La plume alerte, jamais complaisante, de Diane Lavoie permet aux lecteurs de transcender les limites du témoignage. On perçoit l’adoption internationale autrement, mais on entre aussi de plain-pied dans les méandres de la détresse psychologique, sujet trop rarement abordé. Le livre se referme sur mère et fille apaisées, conscientes de l’importance du lien qui les unit désormais, soucieuses d’en préserver la nature intime. Un récit à la fois percutant et inspirant.

jeudi 19 juin 2014

Trop de lumière pour Samuel Gaska

« Donc, oui, j’accepte de t’écrire une petite composition, mais à condition que tu me laisses raconter l’histoire à ma façon. Au début, ça te semblera tout mélangé, mais fais-moi confiance, tu finiras par comprendre. »
Voilà en quels termes Samuel Gaska se justifie quand son ancienne amoureuse Catherine le contacte pour qu’il écrive la musique de scène de sa prochaine pièce. C’est sans doute aussi à cet instant précis, presque au milieu de cet étrange objet littéraire qualifié de récit, que l’on commence à saisir la démarche de l’auteur.
Même s’il est compositeur, le narrateur entretient une relation alambiquée avec la musique. Cette langue que l’on dit universelle, au fond, il ne l’a pas choisie. Son père, immigrant d’origine polonaise, lui a plus ou moins imposée. Pourra-t-il s’affranchir de cet héritage encombrant? Osera-t-il s’extraire de sa vie et enfin prendre son envol, comme cette oie à laquelle son nom fait référence – mais aussi tous ces oiseaux qui peuplent chacun des chapitres de ce livre? Finira-t-il par admettre que l’œuvre ne définit pas l’homme? 
« … un nom n’est jamais le nôtre, ni une œuvre, c’est plutôt nous qui leur appartenons et qui devons les incarner du mieux que nous le pouvons, le temps de leur donner corps et qu’ils nous délaissent. »
Étienne Beaulieu dispose assurément d’une plume exceptionnelle, que l’on voudrait par moments contraindre, tant elle semble se disperser, comme ces rayons de lumière qui traversent les vitraux. Le fil narratif se révélant fragile, on se demande parfois si l’auteur n’aurait pas dû adopter une autre forme pour transmettre ses réflexions sur la filiation, l’immigration et les liens que l’homme doit maintenir avec la nature. Un recueil de poésie – ou même d’aphorismes – n’aurait-il pas pu distiller plus efficacement l’essence du propos? La musicalité de la langue n’aurait-elle pas été mieux servie par une scission des éléments?

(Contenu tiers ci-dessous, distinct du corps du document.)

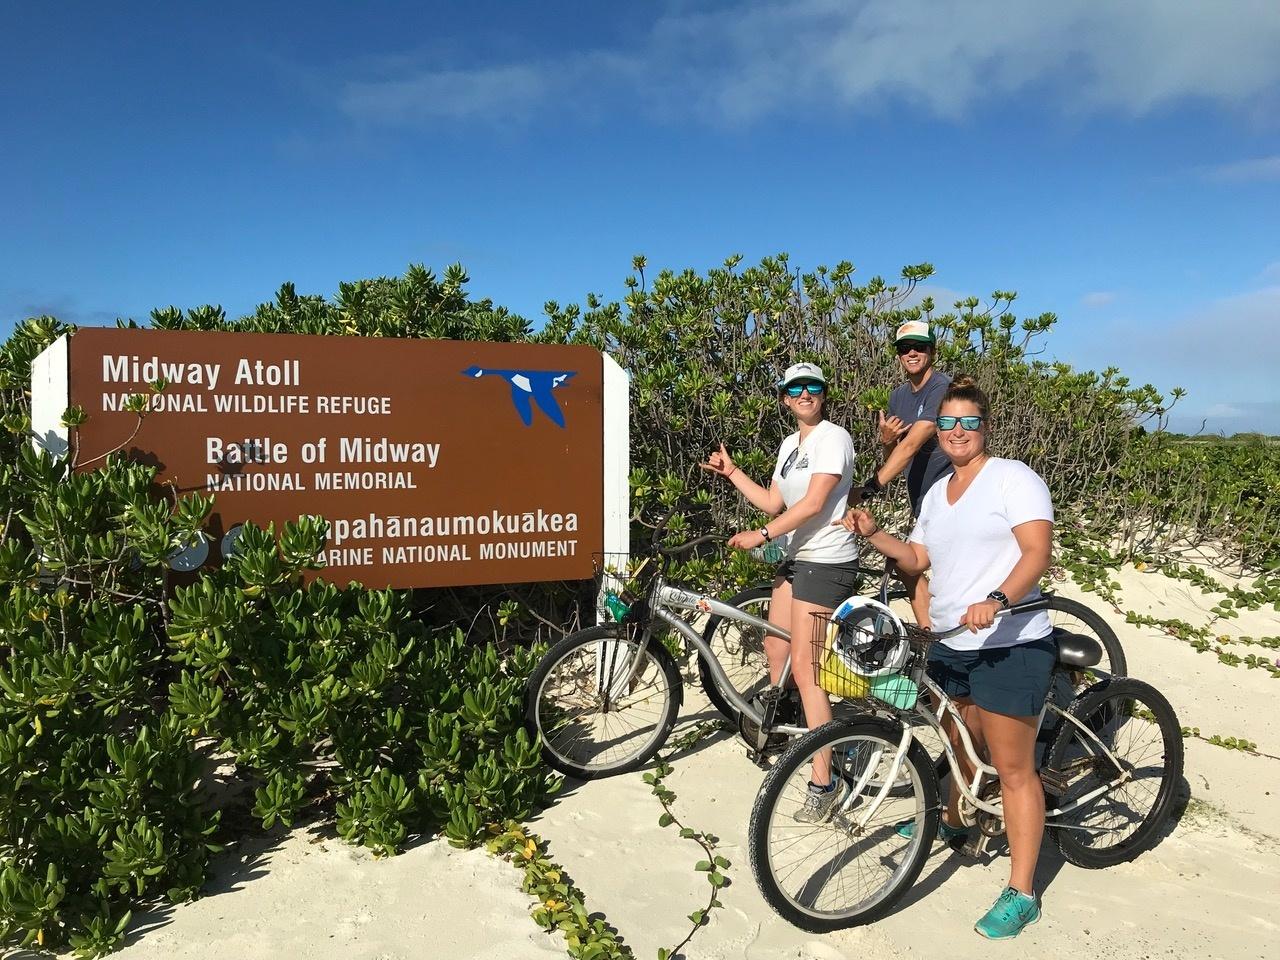 Biking on Midway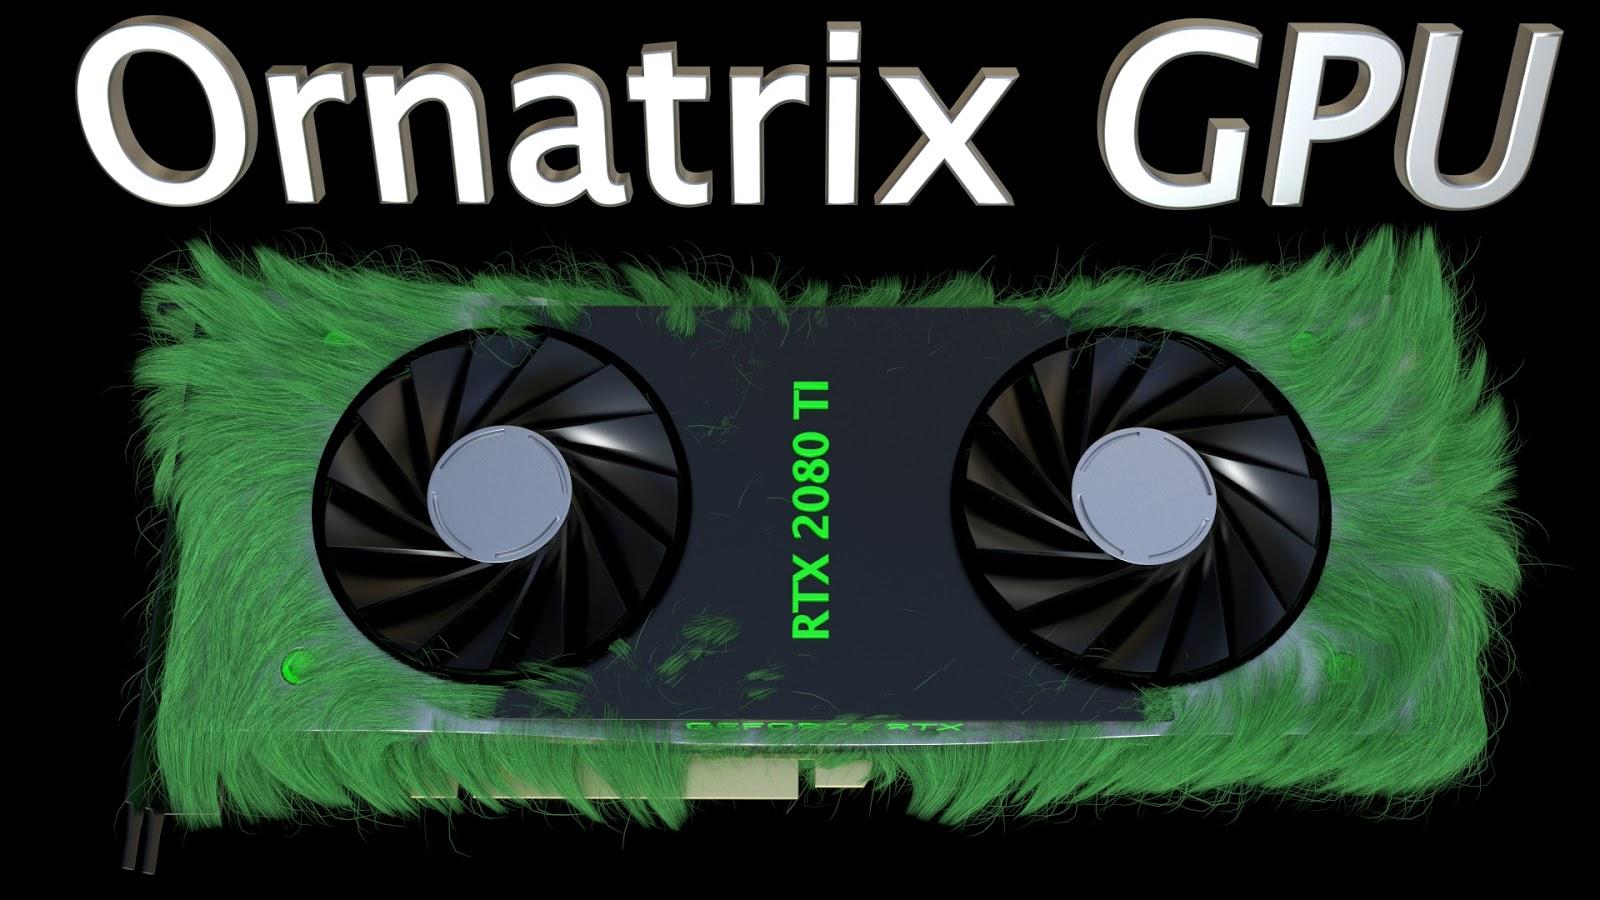 ornatrix_gpu_youtube.jpg

Comme plusieurs pages sérielles de Schoenberg, Trop de lumière pour Samuel Gaska se laisse difficilement apprivoiser. On croit en cerner le contour, pour constater que la musique nous échappe aussitôt. Pourtant, on se surprend à y repenser, à vouloir en extraire des clés de compréhension. La vie, la mort, la création, ne sont-elles pas au fond que fragmentations complémentaires d’un même concept insaisissable?